What I don't follow is why icmp6 checksum calc is getting activated. It could be because it's matching against icmp type, but then, if it's a match, it shouldn't need to recompute the checksum. "...,icmpv6(type=0/0,code=0/0)..." maybe ovs is just being extra safe?
Please note that for HWOL I'm considering this bug as a low priority one. ICMPs are a really low volume traffic and doesn't impact much the solution. If you disagree, please comment. Thanks.
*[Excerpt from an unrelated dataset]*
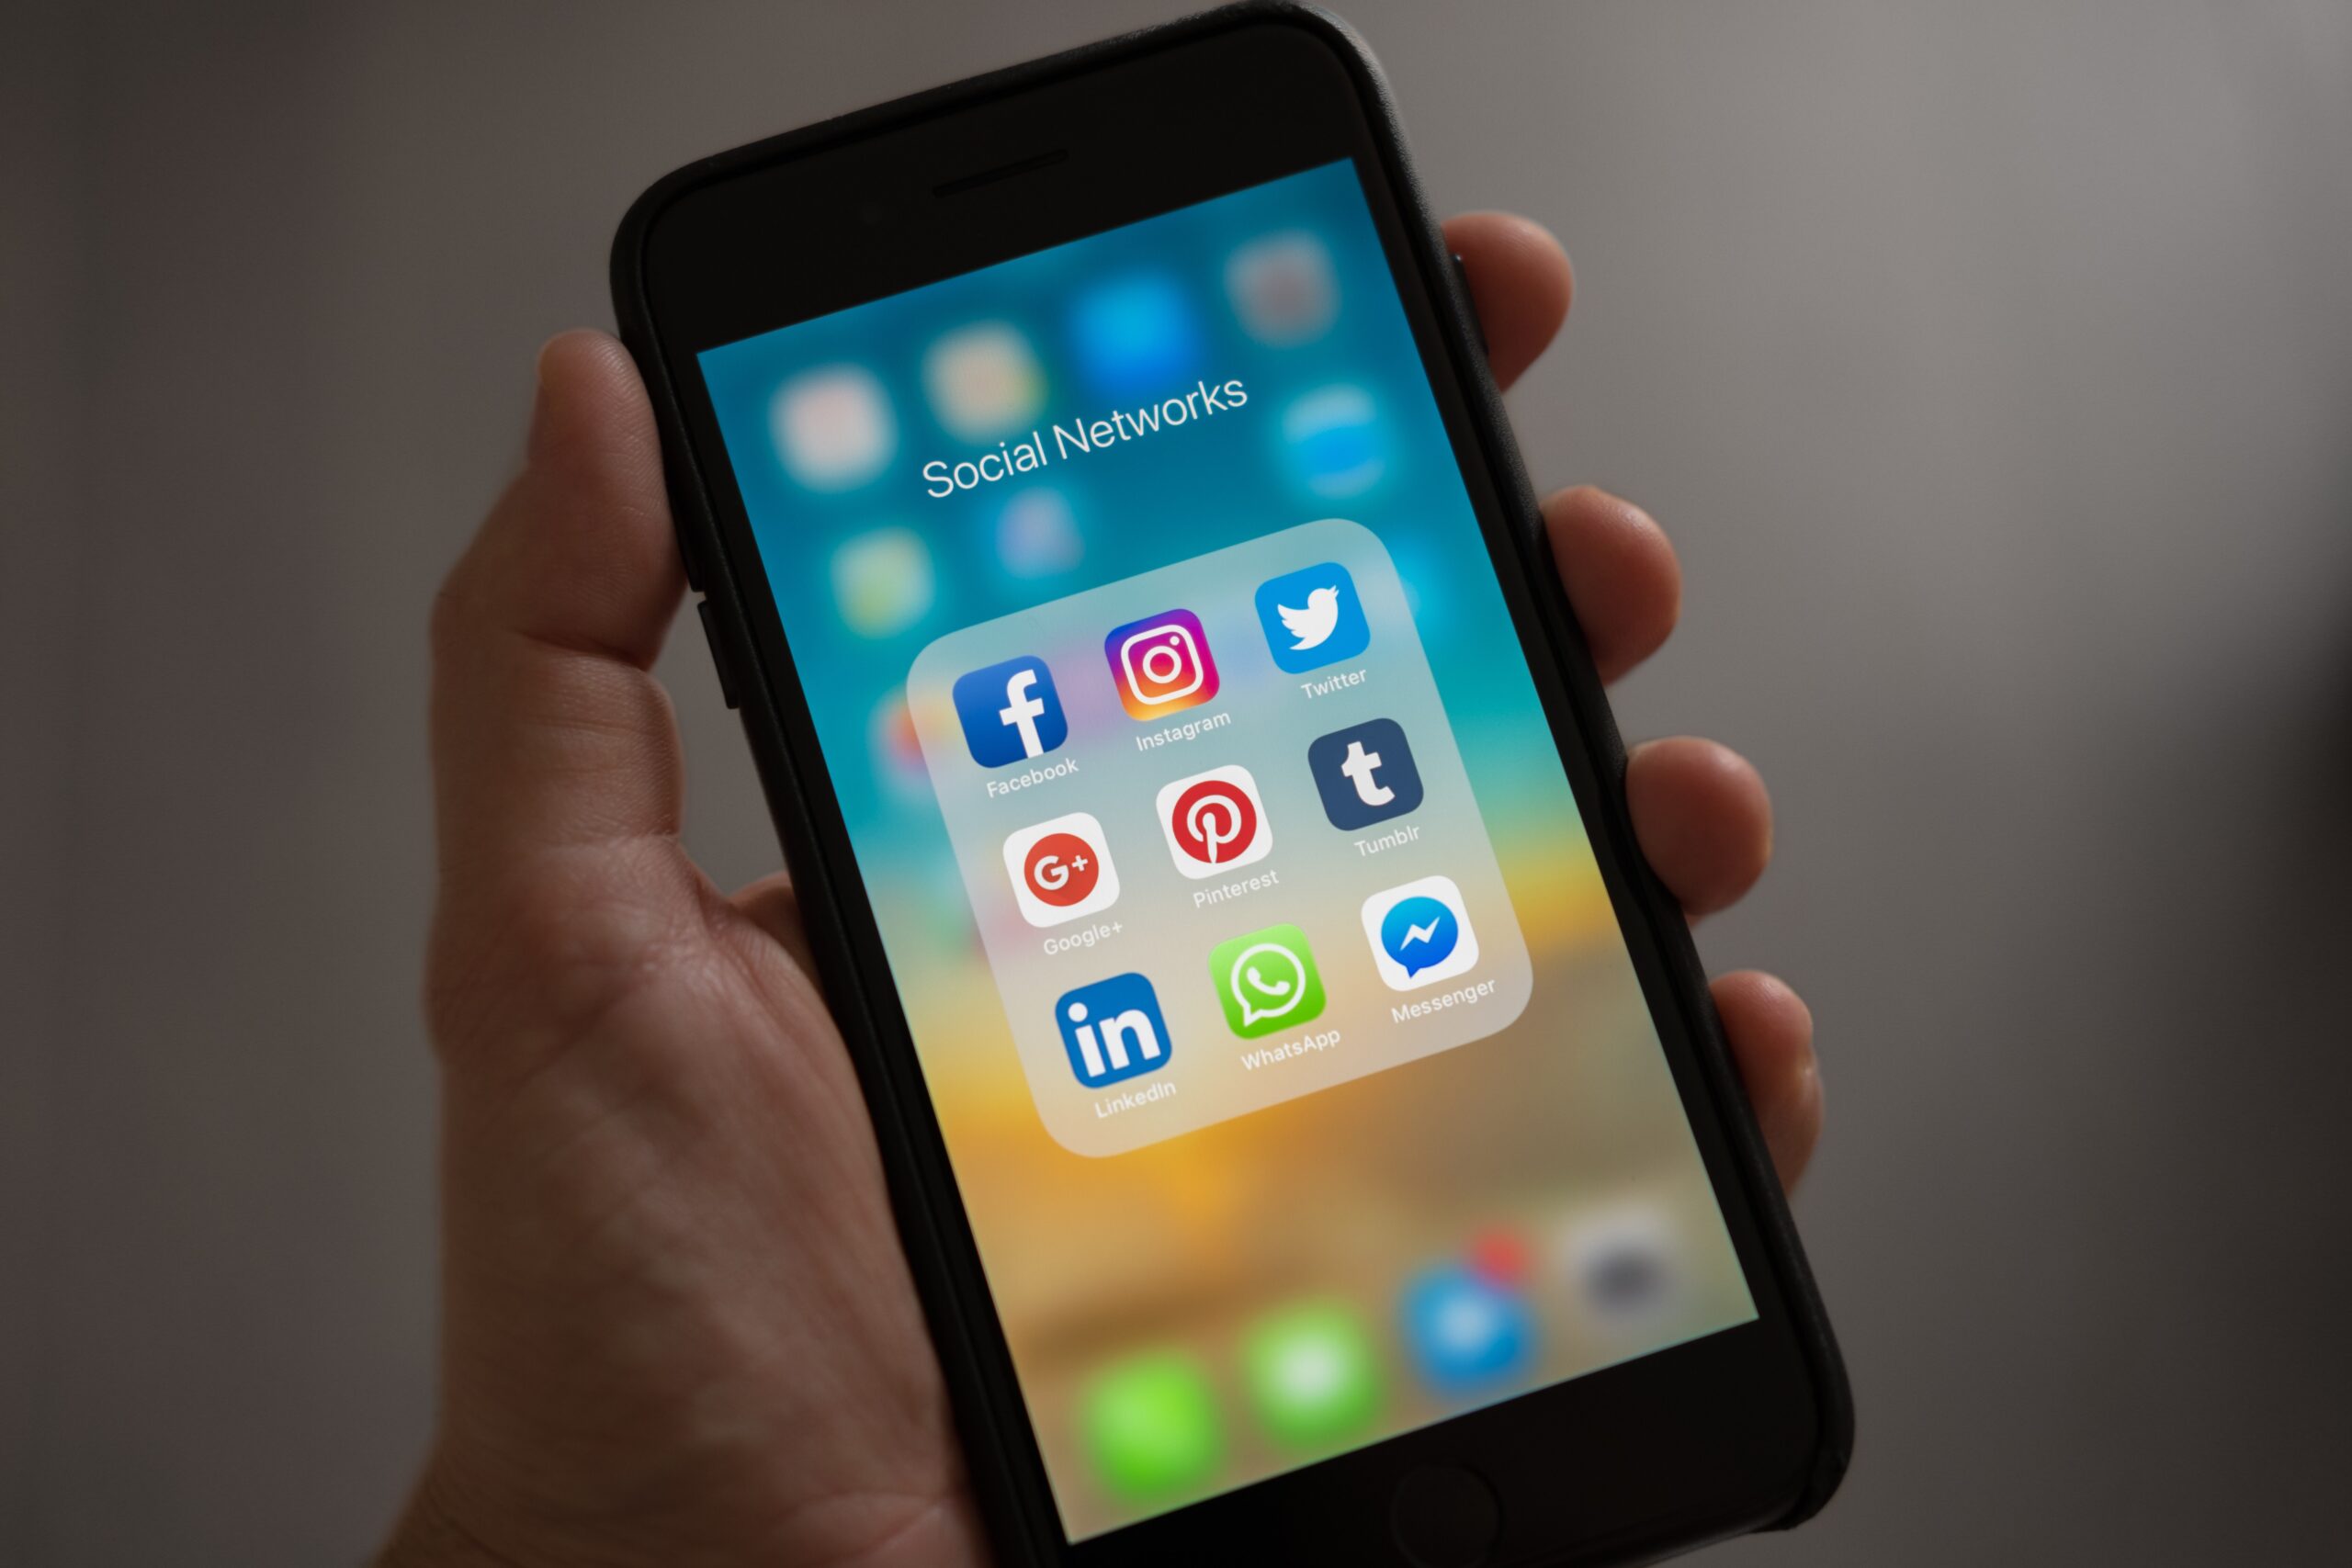 Social Media App Logos On Phone

(In reply to Marcelo Ricardo Leitner from comment #13) > What I don't follow is why icmp6 checksum calc is getting activated. > It could be because it's matching against icmp type, but then, if it's a > match, it shouldn't need to recompute the checksum. > "...,icmpv6(type=0/0,code=0/0)..." > maybe ovs is just being extra safe? Hrrm... maybe we should consider a change like the following: https://github.com/orgcandman/ovs/tree/rfc_csum_ip6 WDYT?
It's towards the right direction, I think, but I don't get why some protocols got 'true' for the new flag, such as TCA_PEDIT_KEY_EX_HDR_TYPE_ETH and TCA_PEDIT_KEY_EX_HDR_TYPE_TCP.